FOR AND AGAINST: Bimla Devi and Jayawati, relatives of victims of Parliament attack, gather at Rashtrapati Bhavan on Tuesday to petition President A.P.J. Abdul Kalam urging him to uphold the death sentence to Mohammed Afzal. (Right) Afzal's wife Tabassum with son Ghalib, after submitting a mercy petition for Afzal to the President.

NEW DELHI: The family of Mohammad Afzal, who has been sentenced to death in the Parliament attack case and whose execution has been fixed for October 20, submitted a mercy petition to President A.P.J. Abdul Kalam on Tuesday. According to lawyers, under the jail manual an execution is "automatically stayed" till the petition remains pending with the President.

And in another development, S.A.R. Geelani, who was acquitted in the case last year, sought reduction of the quantum of punishment awarded to Afzal. He was speaking at a press conference here under the aegis of Society for the Protection of Detainees' and Prisoners' Rights (SPDPR).

Later in the day, while talking to mediapersons outside the Tihar Central Prison complex, lawyer and social activist Nandita Haksar Ms Haksar said: "Under the Jail Manual, the execution is stayed till the pendancy of the mercy petition."

Afzal's family spoke to the media around 6-30 p.m. after their meeting with him at Tihar Jail. His wife Tabassum said, "He still does not want to move a mercy petition seeking clemency. He said he has lost faith in the system." She said the family has on its own submitted the petition earlier in the day through SPDPR seeking mercy from the President. Tabassum was accompanied by her seven-year-old son Ghalib, mother-in-law Ayesha Begum and two brothers-in-law, besides Ms. Haksar and members of SPDPR.

Afzal's elder brother Ejaz Ahmed said his brother has urged the people of Jammu and Kashmir to organise peaceful protests and not to resort to violence. "We have submitted the petition to the President. If it is rejected, we would try to convince Afzal to re-submit the mercy petition," he said.

`Not given a fair trial'

Earlier at a press conference, Mr. Geelani said: "I am not saying that he (Afzal) is innocent but justice has certainly not been meted out to him as he was not given a fair trial. He has been convicted just on the basis of circumstantial evidence. There was no direct evidence to connect him to the case. Even the court has acquitted him of charges of belonging to any terrorist organisation."

He said "the Supreme Court held that Afzal must die to satisfy the collective conscience of the nation. We are not questioning the conviction, but the quantum of punishment."

Mr.
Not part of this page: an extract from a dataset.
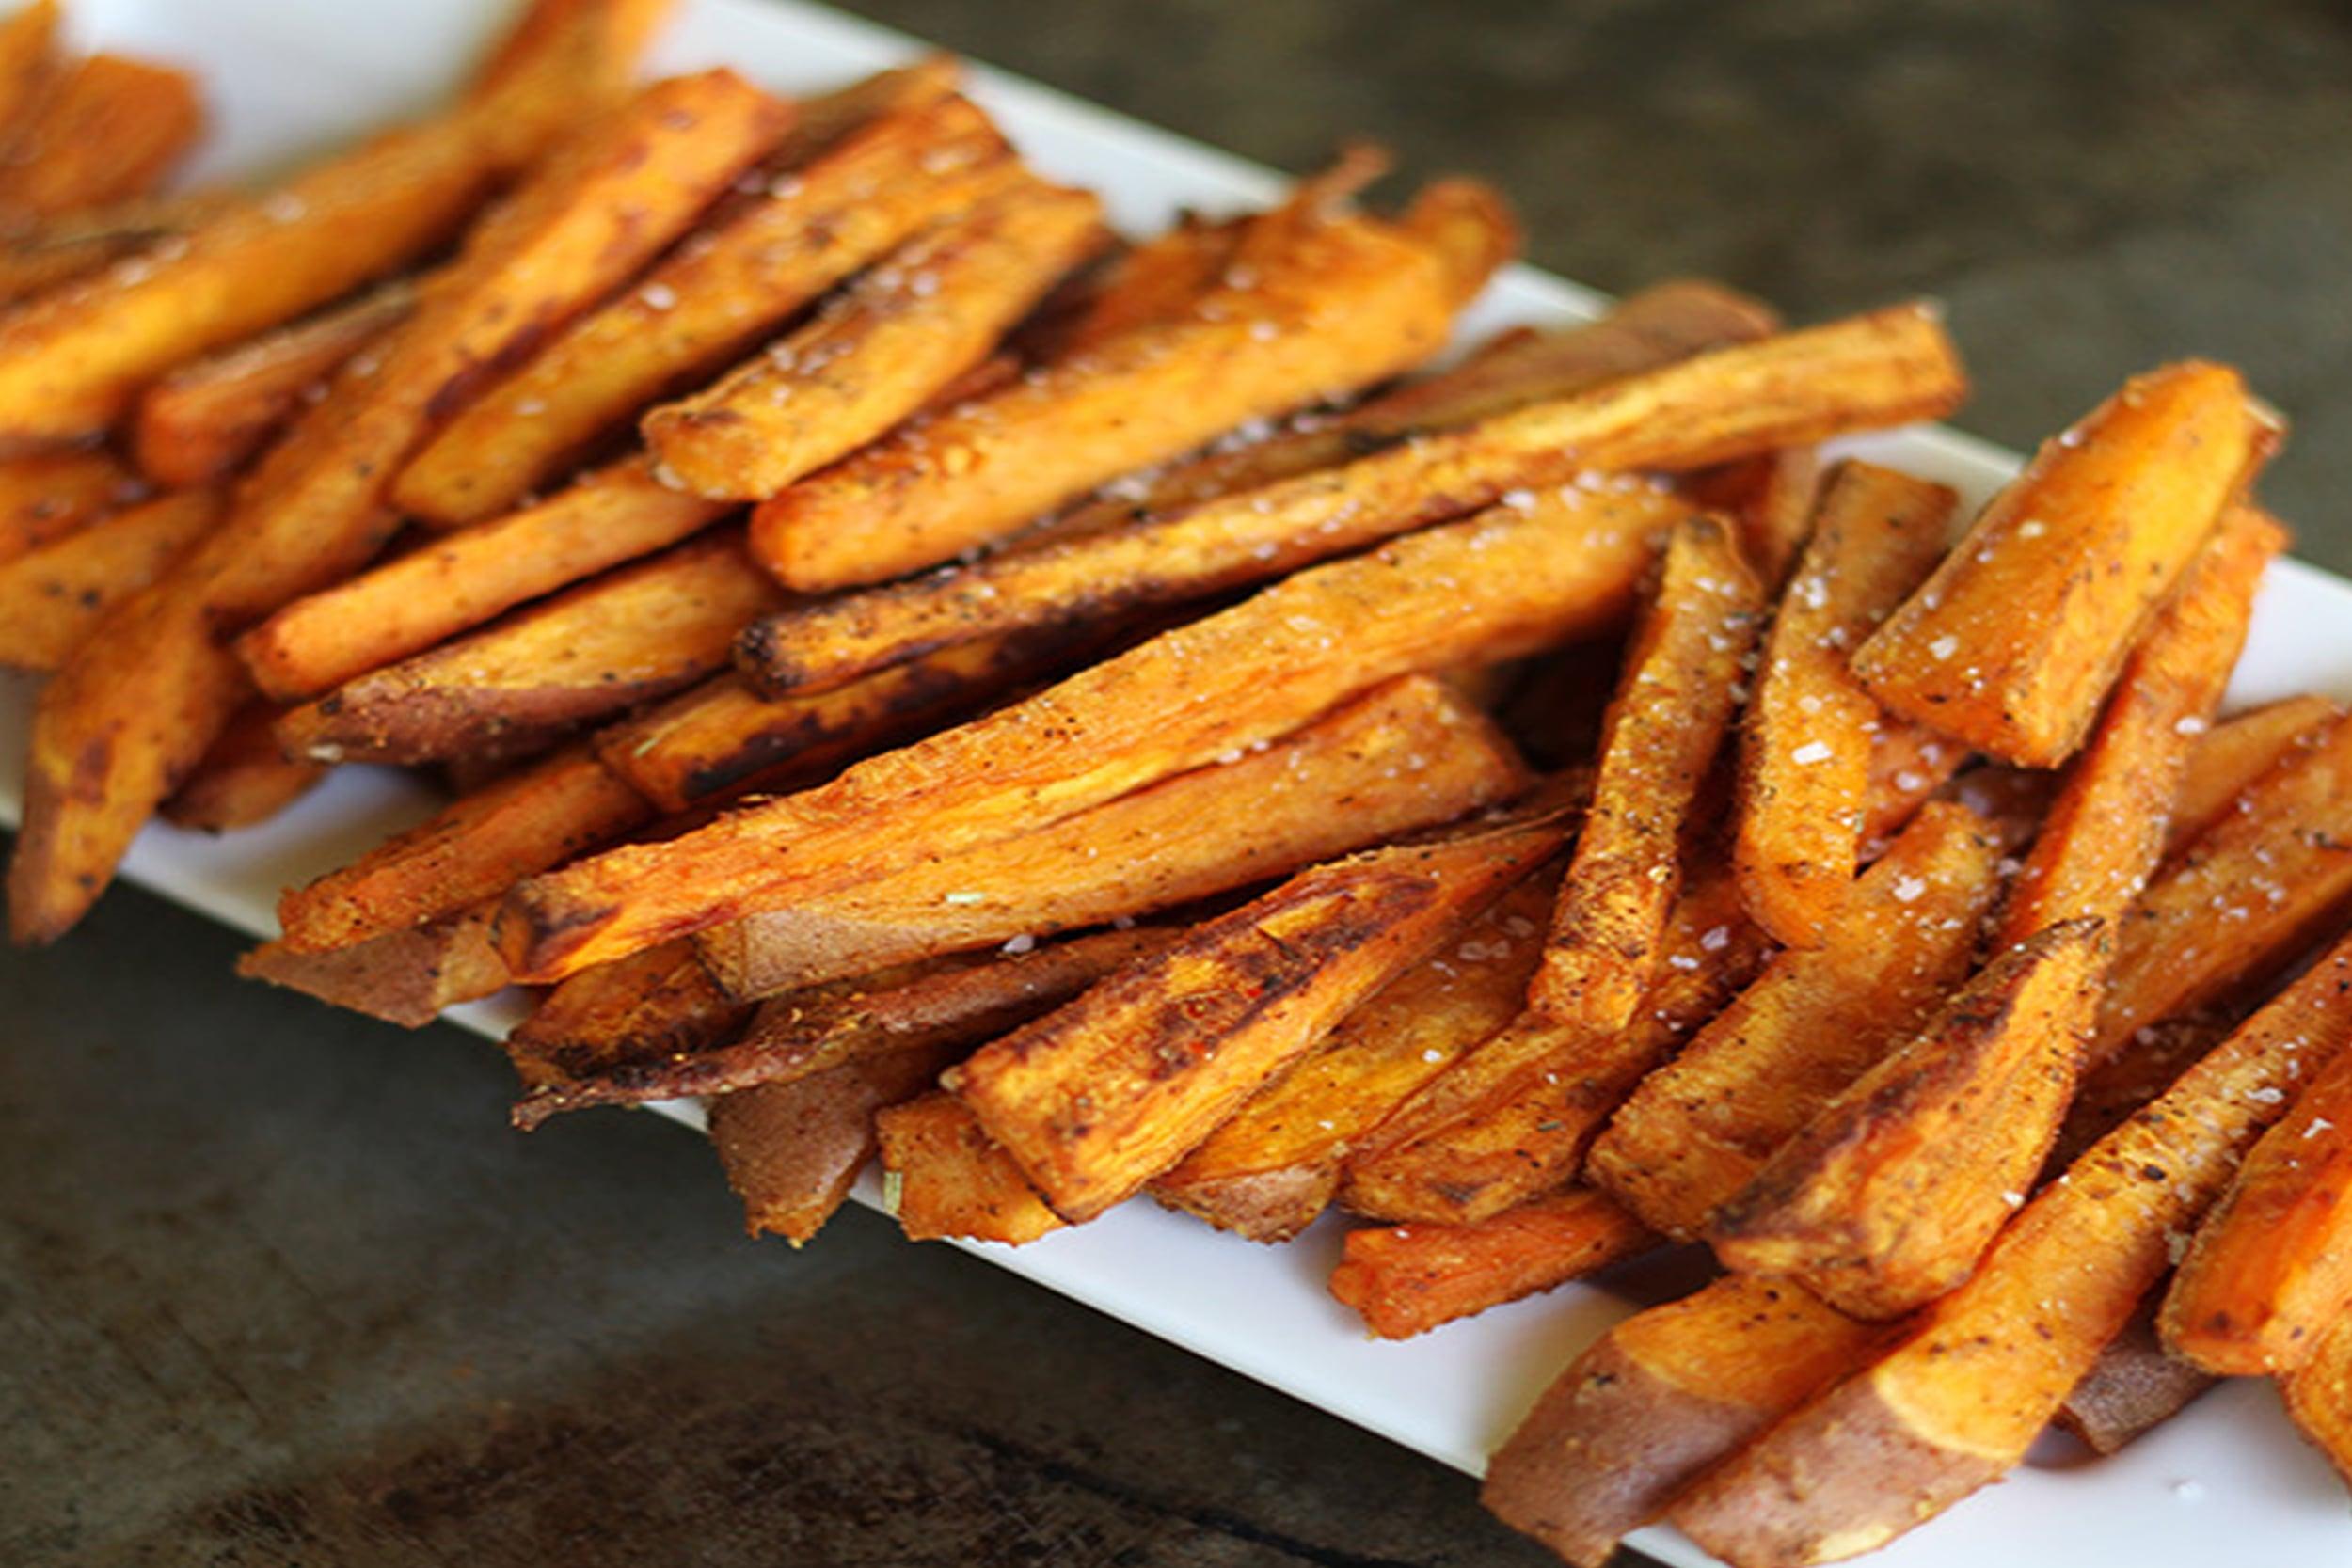 Oven Roasted Sweet Potato Fries4.jpg

Geelani said that throughout the trial, Afzal was even denied the right to have a lawyer of his choice. He referred to the case of Abu Salem, in which the Indian Government has promised the Portuguese Government that he would not be awarded capital punishment, and that of Zacarias Moussaoui, who has been awarded life imprisonment in the September 11, 2001 attack on World Trade Center in New York. Mr. Geelani said Afzal's punishment should also be commuted.

He said capital punishment to the separatist leader Maqbool Butt had motivated many a youth in Kashmir to take up arms and so the death sentence to Afzal was also not the right "strategic move" considering the prevailing circumstances. "All leaders, including Jammu and Kashmir Chief Minister Ghulam Nabi Azad, have in one voice sought clemency for Afzal," he said, adding that if he were hanged, it would be a stigma on Indian democracy.